• Records supplied:
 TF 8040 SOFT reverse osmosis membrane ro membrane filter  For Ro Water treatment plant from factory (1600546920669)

--

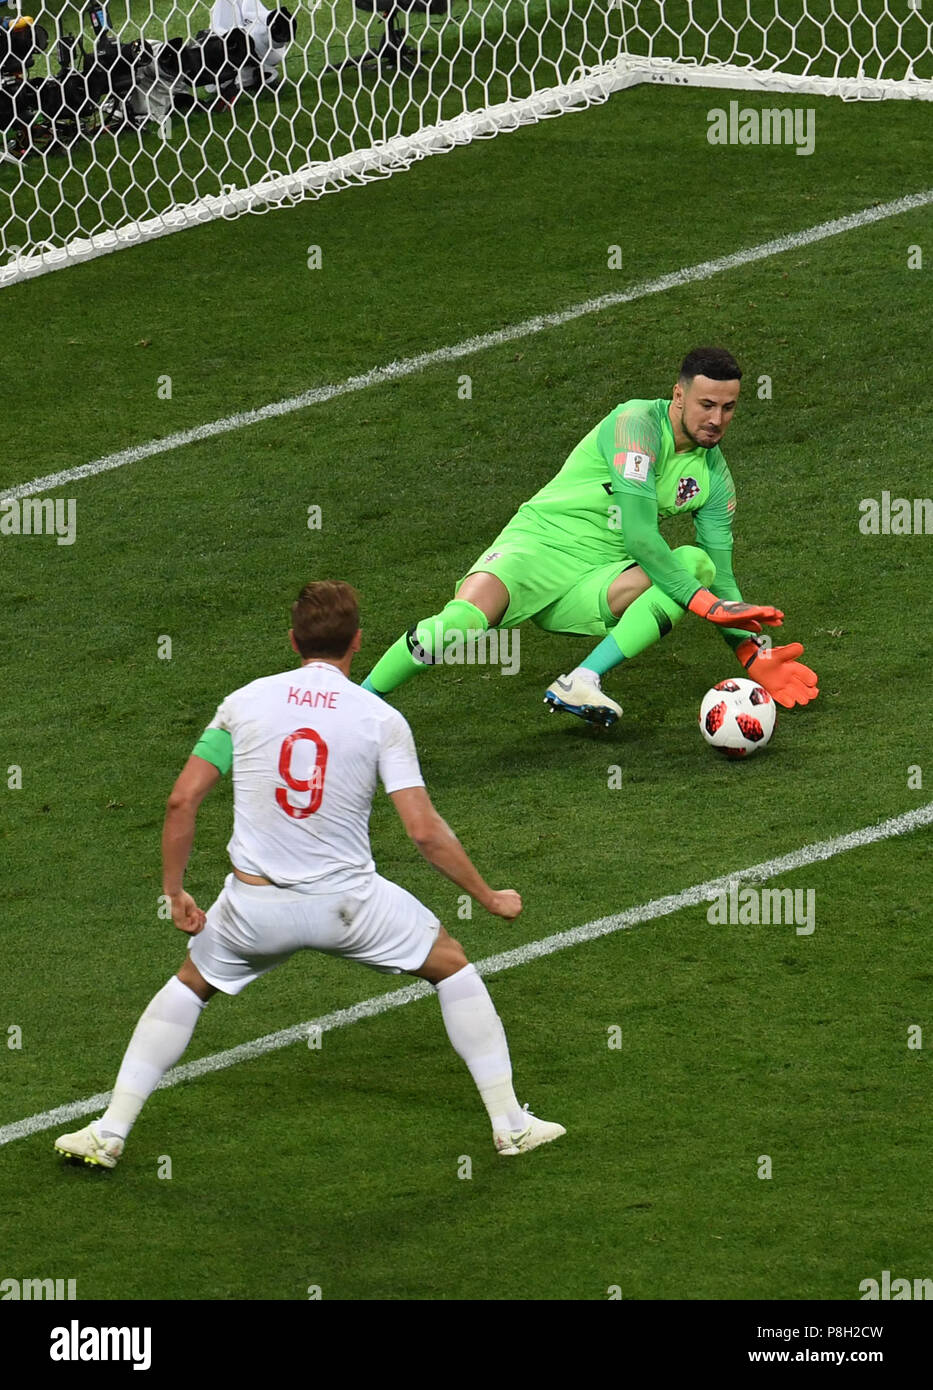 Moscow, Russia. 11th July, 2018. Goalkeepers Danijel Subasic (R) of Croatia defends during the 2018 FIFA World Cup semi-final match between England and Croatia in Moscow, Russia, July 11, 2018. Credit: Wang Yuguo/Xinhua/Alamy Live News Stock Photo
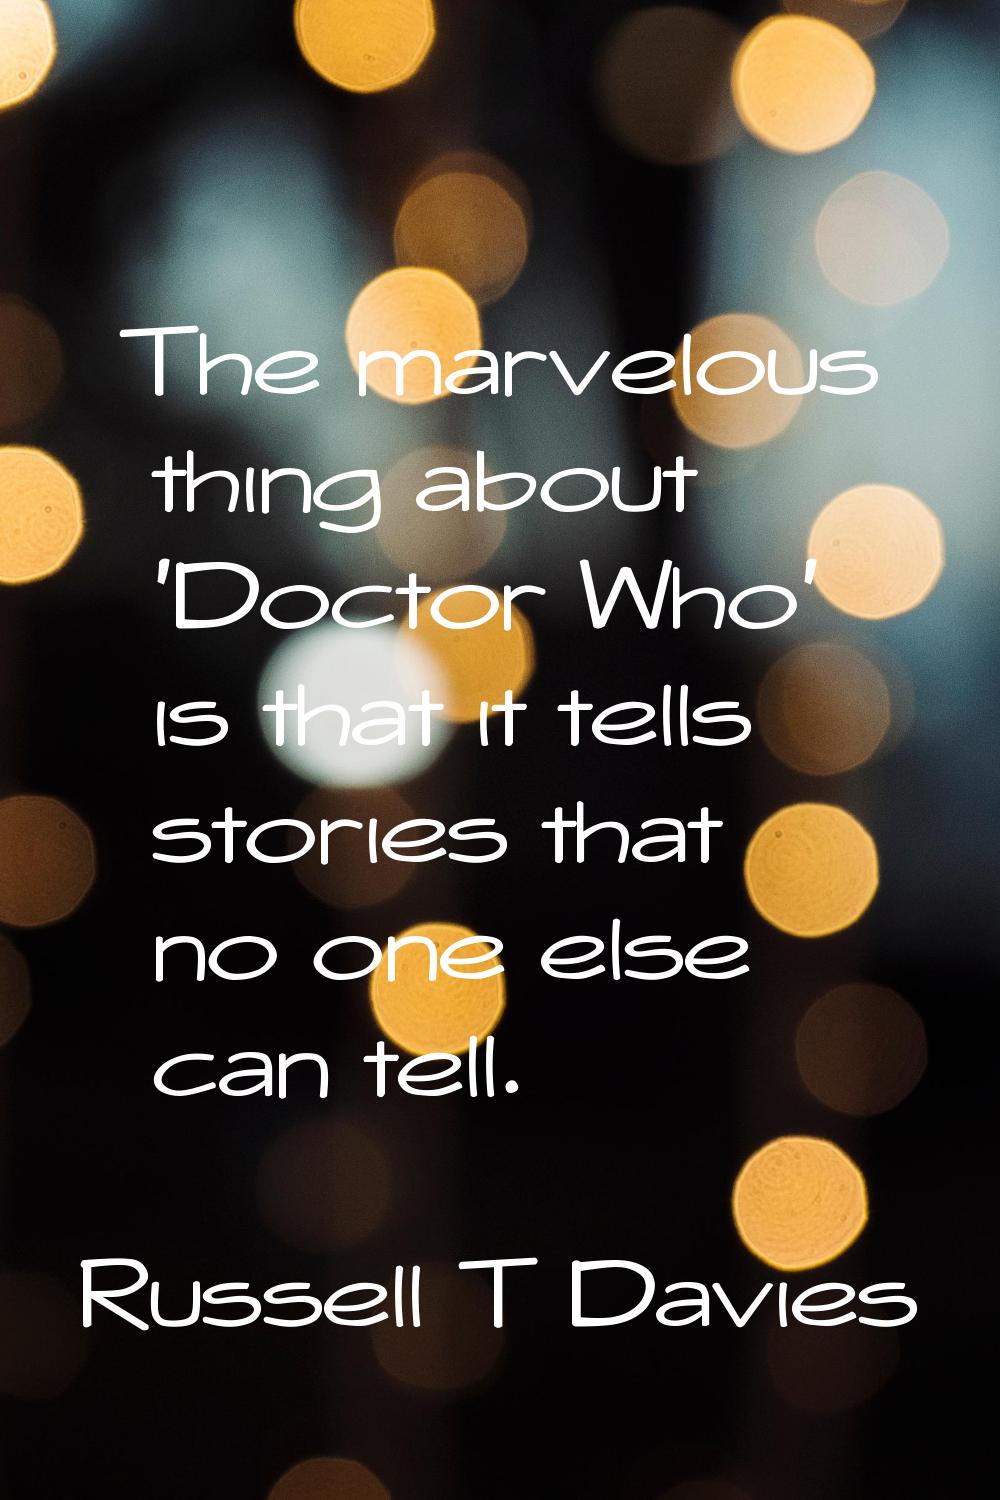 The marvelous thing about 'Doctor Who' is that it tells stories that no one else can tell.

• Activity:
Now transcribe the lines above exactly, starting at the line containing "Moscow, Russia. 11th" and ending at the line containing "The marvelous thing", both lines included, pictures excluded.

• Result for this exercise:
 Moscow, Russia. 11th July, 2018. Goalkeepers Danijel Subasic (R) of Croatia defends during the 2018 FIFA World Cup semi-final match between England and Croatia in Moscow, Russia, July 11, 2018. Credit: Wang Yuguo/Xinhua/Alamy Live News Stock Photo
 The marvelous thing about 'Doctor Who' is that it tells stories that no one else can tell.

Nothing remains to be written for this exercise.